#### Exercise goal:
When you reach the line containing "Βουλγαρία - 4727 - Οικολογία, μπλοκ" in the data below, begin returning lines exactly as written, and stop once the line containing "Moon Landing in Context" has been returned.

#### Collected data entries:
Segment Open

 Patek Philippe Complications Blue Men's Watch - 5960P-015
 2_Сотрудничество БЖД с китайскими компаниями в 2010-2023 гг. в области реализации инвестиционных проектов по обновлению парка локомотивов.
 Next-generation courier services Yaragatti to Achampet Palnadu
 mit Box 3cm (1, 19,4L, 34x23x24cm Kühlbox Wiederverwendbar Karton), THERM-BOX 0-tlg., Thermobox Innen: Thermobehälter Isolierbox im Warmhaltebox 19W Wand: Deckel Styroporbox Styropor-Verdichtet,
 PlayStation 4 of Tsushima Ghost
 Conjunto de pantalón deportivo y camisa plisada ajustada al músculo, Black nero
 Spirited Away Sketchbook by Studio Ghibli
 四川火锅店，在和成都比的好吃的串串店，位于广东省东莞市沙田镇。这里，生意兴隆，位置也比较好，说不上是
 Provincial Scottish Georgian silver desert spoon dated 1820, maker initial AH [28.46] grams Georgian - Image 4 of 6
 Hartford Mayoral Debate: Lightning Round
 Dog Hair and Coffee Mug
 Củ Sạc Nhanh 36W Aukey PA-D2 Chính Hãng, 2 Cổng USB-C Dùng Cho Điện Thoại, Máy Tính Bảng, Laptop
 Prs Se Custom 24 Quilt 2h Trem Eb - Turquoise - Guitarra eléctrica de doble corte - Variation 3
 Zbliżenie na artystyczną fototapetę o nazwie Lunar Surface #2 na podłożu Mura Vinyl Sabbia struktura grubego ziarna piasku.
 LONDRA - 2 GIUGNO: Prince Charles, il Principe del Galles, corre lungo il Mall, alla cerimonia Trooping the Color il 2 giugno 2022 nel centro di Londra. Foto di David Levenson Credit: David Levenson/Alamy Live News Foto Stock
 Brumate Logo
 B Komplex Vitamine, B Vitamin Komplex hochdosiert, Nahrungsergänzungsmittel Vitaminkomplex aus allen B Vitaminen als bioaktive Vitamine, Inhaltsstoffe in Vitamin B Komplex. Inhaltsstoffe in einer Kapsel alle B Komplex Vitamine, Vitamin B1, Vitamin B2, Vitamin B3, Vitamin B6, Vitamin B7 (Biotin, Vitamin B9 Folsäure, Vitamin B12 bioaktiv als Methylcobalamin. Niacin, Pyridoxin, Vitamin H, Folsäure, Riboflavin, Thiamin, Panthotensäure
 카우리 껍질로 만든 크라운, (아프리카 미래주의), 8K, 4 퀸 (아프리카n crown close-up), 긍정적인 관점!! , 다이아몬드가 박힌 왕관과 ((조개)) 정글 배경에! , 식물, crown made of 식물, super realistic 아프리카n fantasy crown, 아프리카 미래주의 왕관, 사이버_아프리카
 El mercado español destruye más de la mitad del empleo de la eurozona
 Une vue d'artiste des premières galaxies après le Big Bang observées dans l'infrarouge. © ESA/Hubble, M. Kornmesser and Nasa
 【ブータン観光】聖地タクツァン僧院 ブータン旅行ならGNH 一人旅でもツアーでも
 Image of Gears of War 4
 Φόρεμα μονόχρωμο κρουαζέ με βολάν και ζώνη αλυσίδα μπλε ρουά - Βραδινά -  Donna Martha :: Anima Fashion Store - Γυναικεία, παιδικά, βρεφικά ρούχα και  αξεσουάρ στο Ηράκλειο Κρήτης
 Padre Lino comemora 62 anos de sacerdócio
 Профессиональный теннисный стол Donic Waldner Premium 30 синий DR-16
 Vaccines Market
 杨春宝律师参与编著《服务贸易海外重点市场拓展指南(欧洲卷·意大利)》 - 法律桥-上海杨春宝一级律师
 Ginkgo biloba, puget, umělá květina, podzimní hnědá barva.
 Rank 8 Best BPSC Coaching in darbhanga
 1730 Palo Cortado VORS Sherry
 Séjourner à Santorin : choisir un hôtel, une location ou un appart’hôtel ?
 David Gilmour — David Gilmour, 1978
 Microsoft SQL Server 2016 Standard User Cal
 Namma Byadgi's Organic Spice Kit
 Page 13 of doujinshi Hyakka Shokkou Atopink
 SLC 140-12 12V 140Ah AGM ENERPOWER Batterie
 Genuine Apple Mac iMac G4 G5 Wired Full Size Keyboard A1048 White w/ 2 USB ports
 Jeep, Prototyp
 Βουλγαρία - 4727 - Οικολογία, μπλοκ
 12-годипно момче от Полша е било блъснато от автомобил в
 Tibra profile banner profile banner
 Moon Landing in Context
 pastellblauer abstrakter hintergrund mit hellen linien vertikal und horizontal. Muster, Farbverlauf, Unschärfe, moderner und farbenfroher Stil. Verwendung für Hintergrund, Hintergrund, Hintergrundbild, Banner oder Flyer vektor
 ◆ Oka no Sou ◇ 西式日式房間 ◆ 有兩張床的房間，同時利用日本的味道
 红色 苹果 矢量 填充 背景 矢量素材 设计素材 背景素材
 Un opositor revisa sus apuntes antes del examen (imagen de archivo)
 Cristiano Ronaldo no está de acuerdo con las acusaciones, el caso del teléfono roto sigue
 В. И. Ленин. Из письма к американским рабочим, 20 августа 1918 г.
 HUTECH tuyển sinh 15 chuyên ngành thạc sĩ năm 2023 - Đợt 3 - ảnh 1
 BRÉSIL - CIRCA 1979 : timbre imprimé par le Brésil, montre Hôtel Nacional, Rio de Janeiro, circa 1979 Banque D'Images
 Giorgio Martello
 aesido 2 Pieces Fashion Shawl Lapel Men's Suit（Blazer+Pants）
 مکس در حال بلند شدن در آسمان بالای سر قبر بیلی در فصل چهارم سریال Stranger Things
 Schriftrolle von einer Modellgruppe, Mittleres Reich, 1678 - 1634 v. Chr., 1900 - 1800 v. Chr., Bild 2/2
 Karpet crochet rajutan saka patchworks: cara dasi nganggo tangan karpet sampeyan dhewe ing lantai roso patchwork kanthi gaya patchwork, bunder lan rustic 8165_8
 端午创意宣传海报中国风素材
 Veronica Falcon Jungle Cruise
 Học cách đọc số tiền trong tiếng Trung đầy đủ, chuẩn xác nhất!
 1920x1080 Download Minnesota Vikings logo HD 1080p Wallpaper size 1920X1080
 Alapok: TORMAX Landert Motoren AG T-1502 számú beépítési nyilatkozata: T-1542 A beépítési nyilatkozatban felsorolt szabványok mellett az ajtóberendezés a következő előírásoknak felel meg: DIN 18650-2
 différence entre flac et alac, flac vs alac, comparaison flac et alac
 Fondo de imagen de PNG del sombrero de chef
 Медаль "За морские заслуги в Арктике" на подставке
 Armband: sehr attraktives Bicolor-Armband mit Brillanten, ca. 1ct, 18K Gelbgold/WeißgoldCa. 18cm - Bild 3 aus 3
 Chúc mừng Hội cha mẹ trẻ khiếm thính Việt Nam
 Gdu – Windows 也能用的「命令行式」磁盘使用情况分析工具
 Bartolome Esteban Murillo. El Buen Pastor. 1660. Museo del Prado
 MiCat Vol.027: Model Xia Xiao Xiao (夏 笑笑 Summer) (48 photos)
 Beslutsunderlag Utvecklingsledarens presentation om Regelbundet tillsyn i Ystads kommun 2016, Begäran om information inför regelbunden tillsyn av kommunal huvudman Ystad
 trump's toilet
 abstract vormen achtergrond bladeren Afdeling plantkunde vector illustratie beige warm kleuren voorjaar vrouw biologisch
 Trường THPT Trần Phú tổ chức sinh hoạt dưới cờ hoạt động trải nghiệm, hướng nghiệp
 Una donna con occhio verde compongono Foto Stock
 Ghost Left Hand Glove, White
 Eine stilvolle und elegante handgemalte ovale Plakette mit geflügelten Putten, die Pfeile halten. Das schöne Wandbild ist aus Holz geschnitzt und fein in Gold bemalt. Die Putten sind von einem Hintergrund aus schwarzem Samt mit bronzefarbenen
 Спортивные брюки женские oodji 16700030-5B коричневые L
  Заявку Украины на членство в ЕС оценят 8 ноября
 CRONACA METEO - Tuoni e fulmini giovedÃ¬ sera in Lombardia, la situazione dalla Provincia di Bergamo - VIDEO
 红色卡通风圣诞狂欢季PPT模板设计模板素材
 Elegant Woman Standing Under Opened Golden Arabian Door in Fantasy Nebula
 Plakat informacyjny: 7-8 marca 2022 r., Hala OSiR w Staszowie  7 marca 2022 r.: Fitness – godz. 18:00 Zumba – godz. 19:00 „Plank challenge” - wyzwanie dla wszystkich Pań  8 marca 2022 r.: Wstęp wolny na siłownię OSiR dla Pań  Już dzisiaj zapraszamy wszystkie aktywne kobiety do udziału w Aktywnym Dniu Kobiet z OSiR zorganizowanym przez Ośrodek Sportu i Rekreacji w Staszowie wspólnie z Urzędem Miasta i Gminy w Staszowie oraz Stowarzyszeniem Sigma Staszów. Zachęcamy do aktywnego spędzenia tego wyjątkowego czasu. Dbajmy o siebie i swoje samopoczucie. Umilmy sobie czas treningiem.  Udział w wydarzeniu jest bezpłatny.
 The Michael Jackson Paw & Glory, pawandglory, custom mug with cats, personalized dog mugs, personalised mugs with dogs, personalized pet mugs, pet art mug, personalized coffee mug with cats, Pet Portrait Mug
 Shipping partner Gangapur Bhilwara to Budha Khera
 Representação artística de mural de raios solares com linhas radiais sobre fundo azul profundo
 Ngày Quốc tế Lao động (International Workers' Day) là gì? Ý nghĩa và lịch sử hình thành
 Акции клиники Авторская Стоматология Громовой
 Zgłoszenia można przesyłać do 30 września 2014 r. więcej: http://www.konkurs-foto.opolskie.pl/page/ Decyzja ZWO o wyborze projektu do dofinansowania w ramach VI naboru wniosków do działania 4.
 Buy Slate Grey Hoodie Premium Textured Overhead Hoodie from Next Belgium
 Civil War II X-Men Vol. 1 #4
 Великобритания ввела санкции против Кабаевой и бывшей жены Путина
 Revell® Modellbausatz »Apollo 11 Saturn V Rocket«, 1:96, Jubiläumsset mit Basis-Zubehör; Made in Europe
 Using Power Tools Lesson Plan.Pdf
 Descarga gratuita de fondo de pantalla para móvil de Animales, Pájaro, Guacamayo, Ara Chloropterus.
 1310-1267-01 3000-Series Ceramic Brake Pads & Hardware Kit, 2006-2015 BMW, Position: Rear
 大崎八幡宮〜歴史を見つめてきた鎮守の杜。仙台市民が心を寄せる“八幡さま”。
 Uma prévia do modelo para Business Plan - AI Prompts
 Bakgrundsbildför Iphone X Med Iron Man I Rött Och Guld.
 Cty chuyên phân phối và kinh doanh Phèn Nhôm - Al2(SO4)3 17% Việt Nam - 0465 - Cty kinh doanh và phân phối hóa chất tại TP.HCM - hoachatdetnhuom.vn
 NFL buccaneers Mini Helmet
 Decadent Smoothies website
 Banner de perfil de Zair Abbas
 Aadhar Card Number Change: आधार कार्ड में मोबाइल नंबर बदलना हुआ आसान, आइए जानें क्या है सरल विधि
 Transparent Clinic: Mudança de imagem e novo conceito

Segment Closed

#### Solved exercise:
 Βουλγαρία - 4727 - Οικολογία, μπλοκ
 12-годипно момче от Полша е било блъснато от автомобил в
 Tibra profile banner profile banner
 Moon Landing in Context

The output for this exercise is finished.